» Instructions to follow
After locating the line that holds "Męskie sneakersy w", copy that line and all that follow it word for word through the end of the data, with no pictures.
### Data excerpts ###
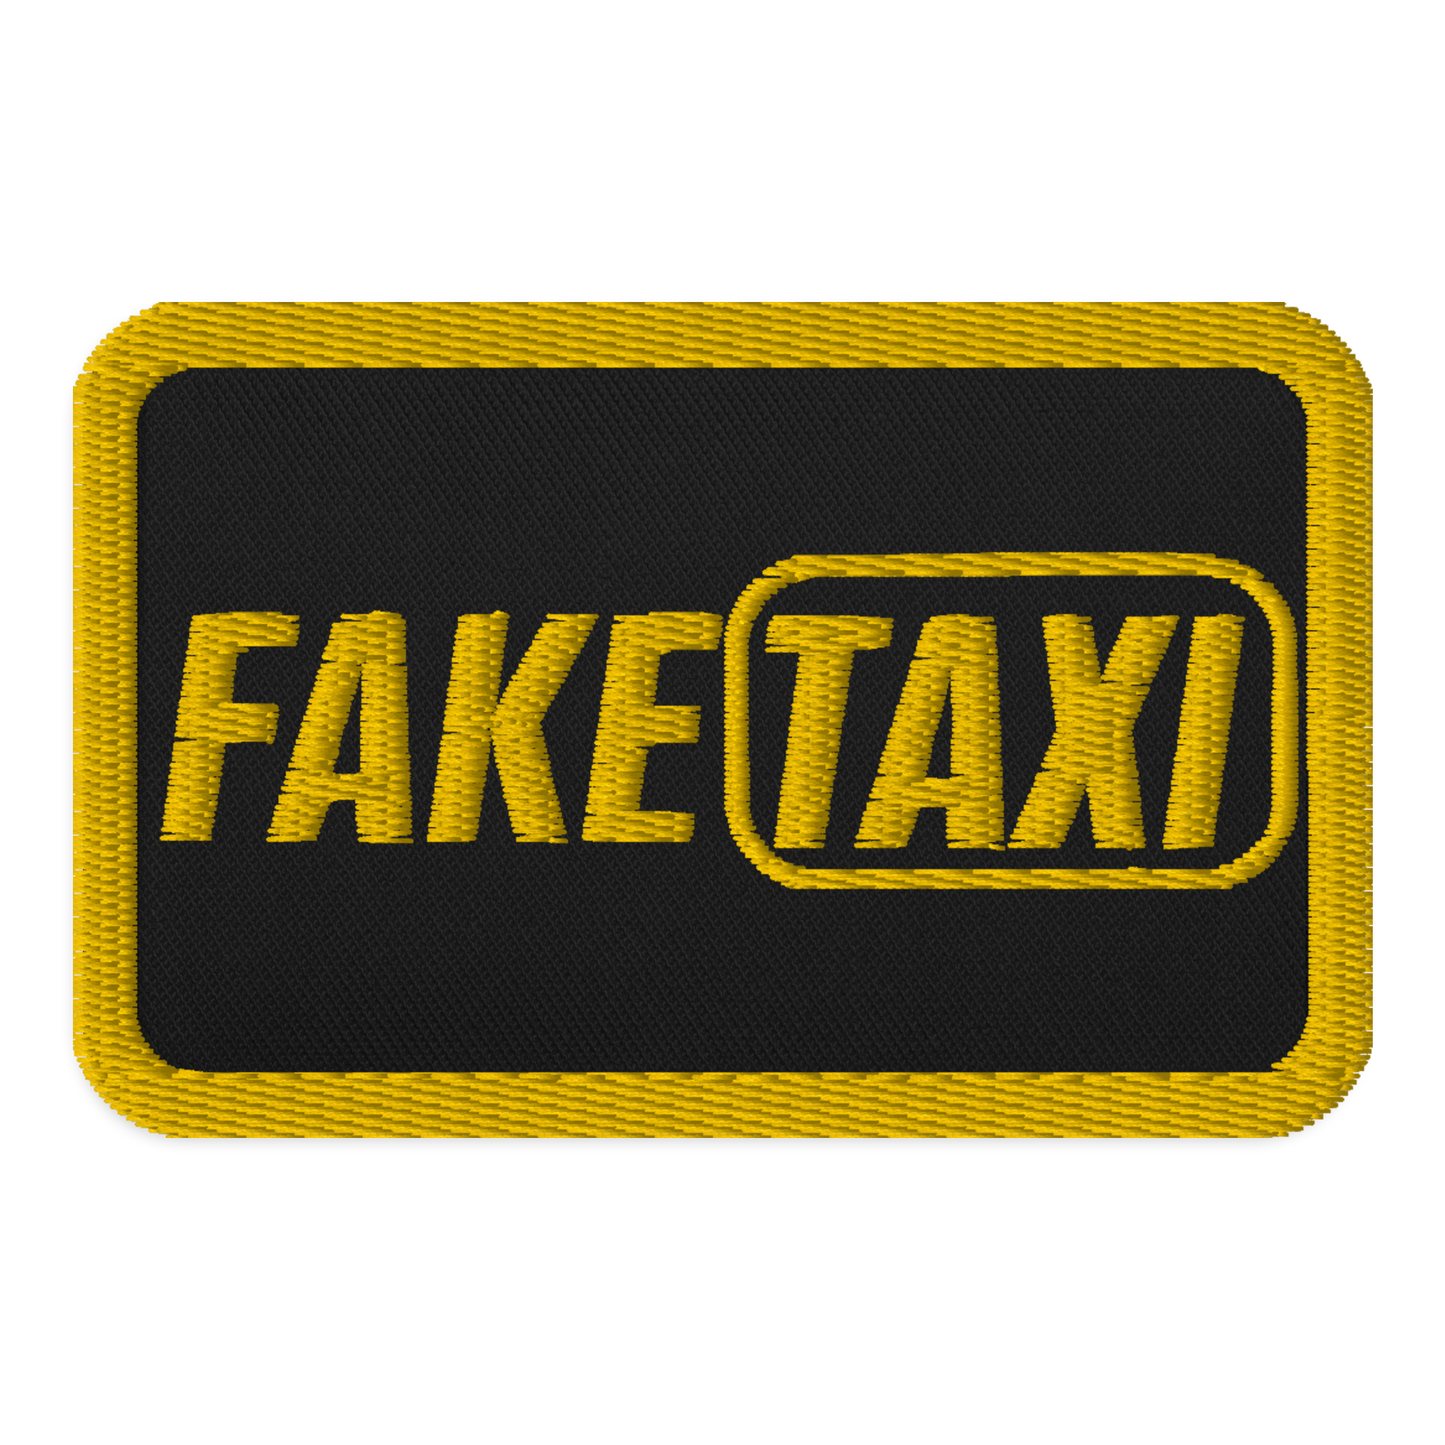 Meme Patches: Taxi Service
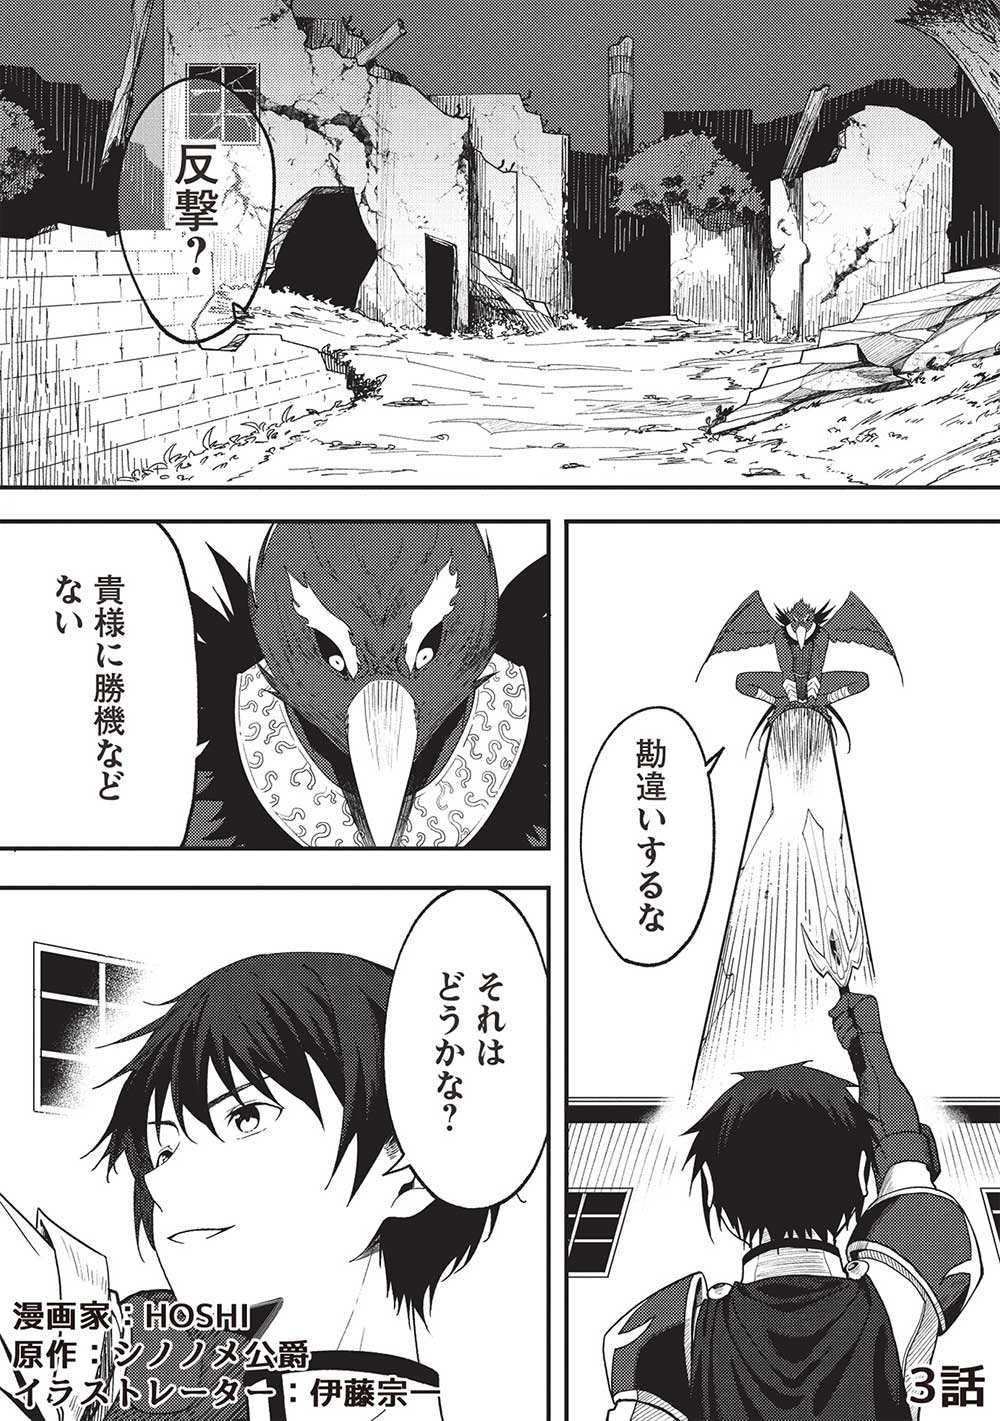 Kono Hi, Itsuwaari no Yuusha de aru Ore wa Shin no Yuusha de aru Kare o Party Kara Tsuihoushita - Chapter 3 - Page 1
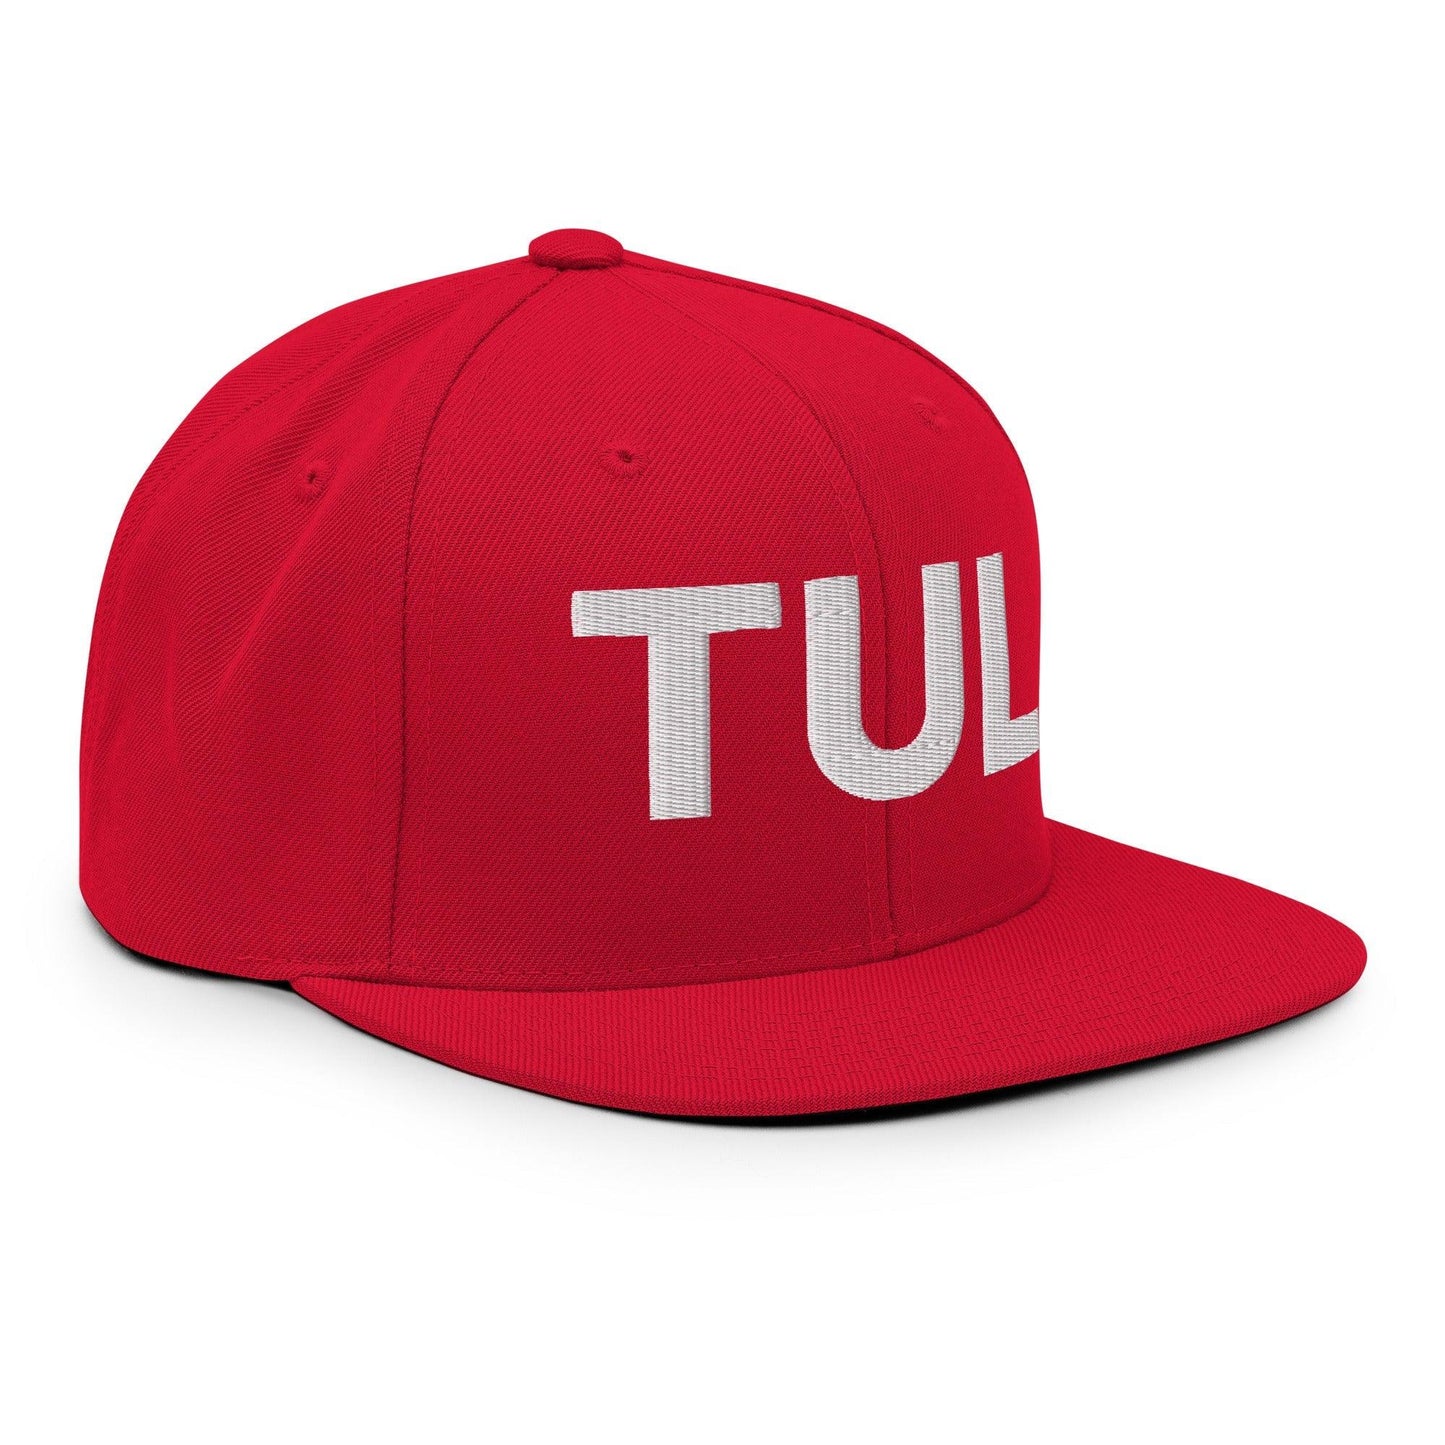 Tulsa TUL Vintage Block Snapback Hat Red
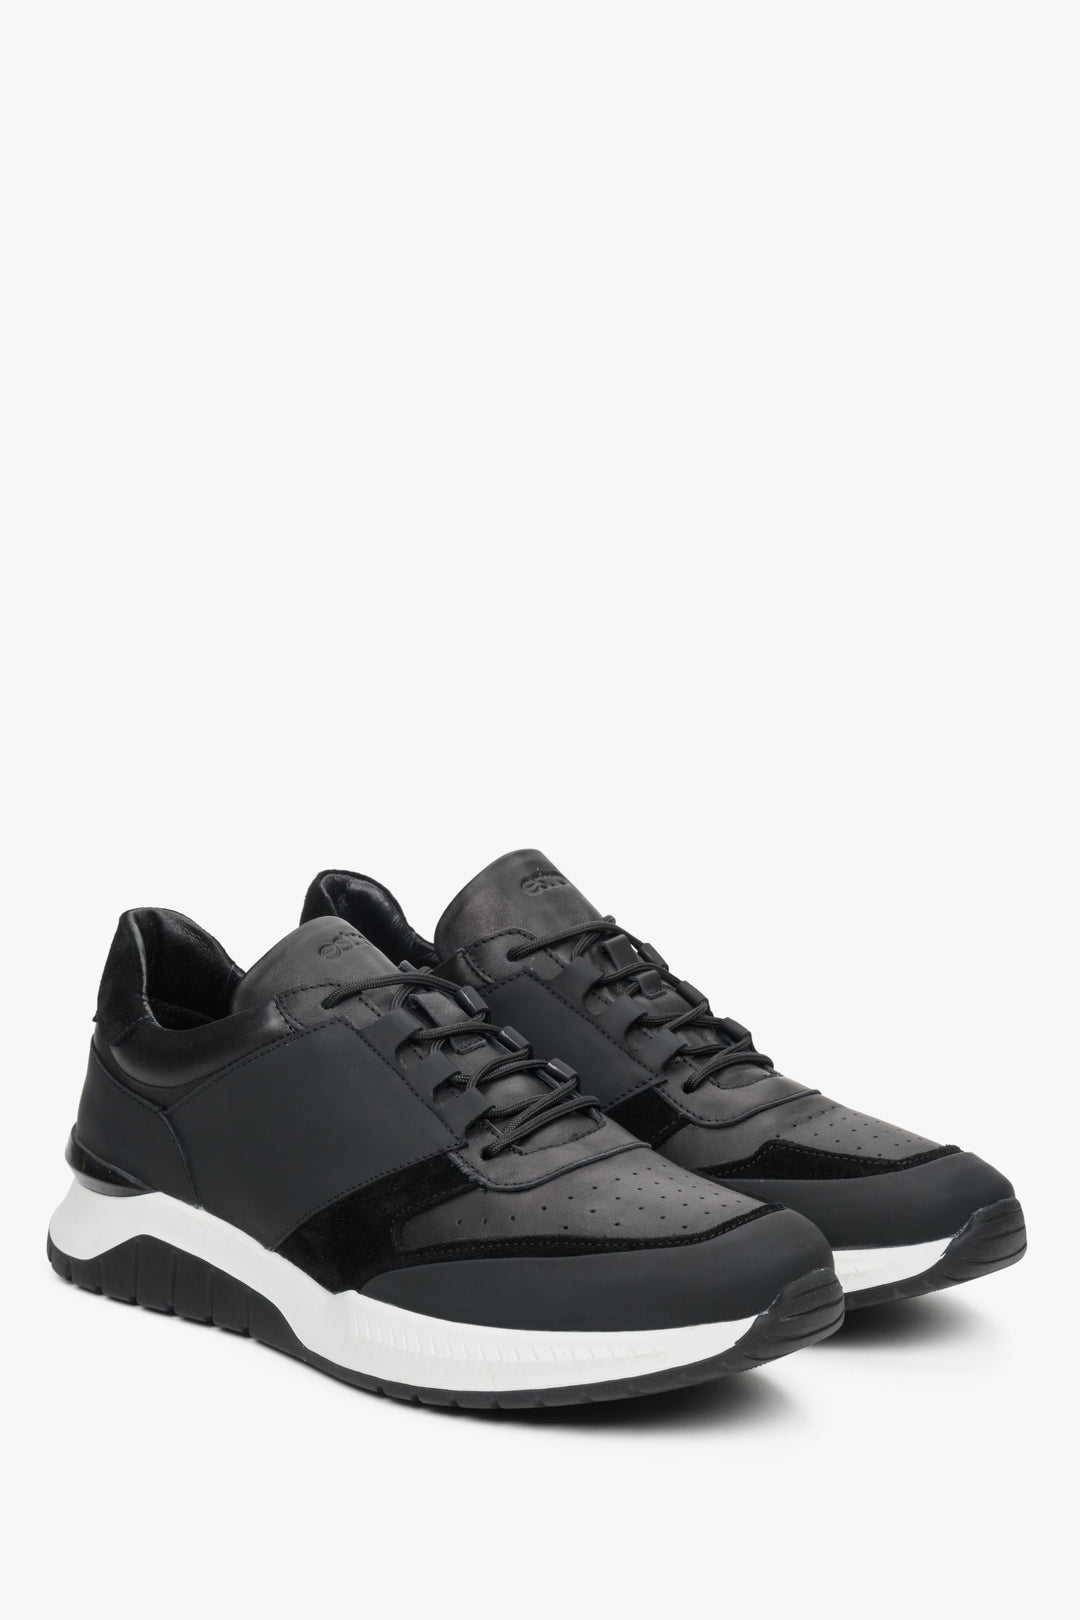 Męskie sneakersy w kolorze czarno-białym marki Estro - pogląd przodu i bocznej przyszwy buta.
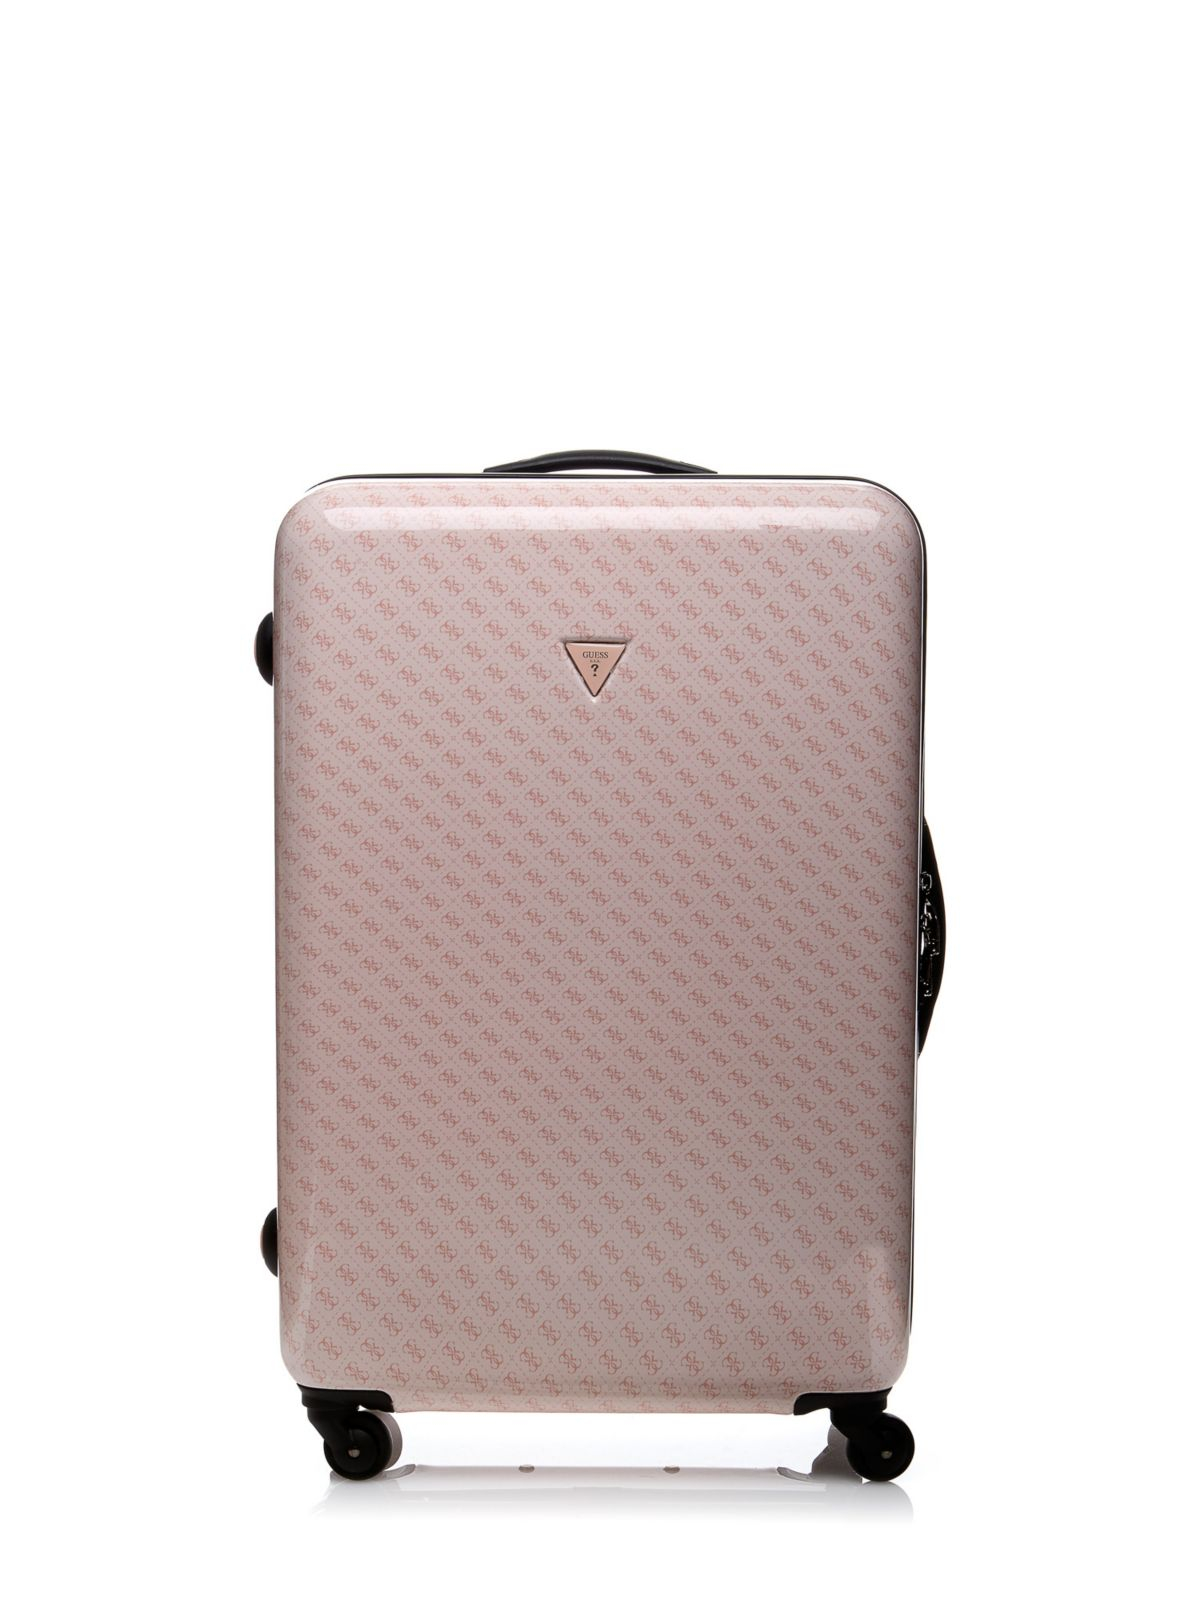 Guess Rose Gold Suitcase on Sale, SAVE 35% - highlandske.com
###
» Response area
 Męskie sneakersy w kolorze czarno-białym marki Estro - pogląd przodu i bocznej przyszwy buta.
 Guess Rose Gold Suitcase on Sale, SAVE 35% - highlandske.com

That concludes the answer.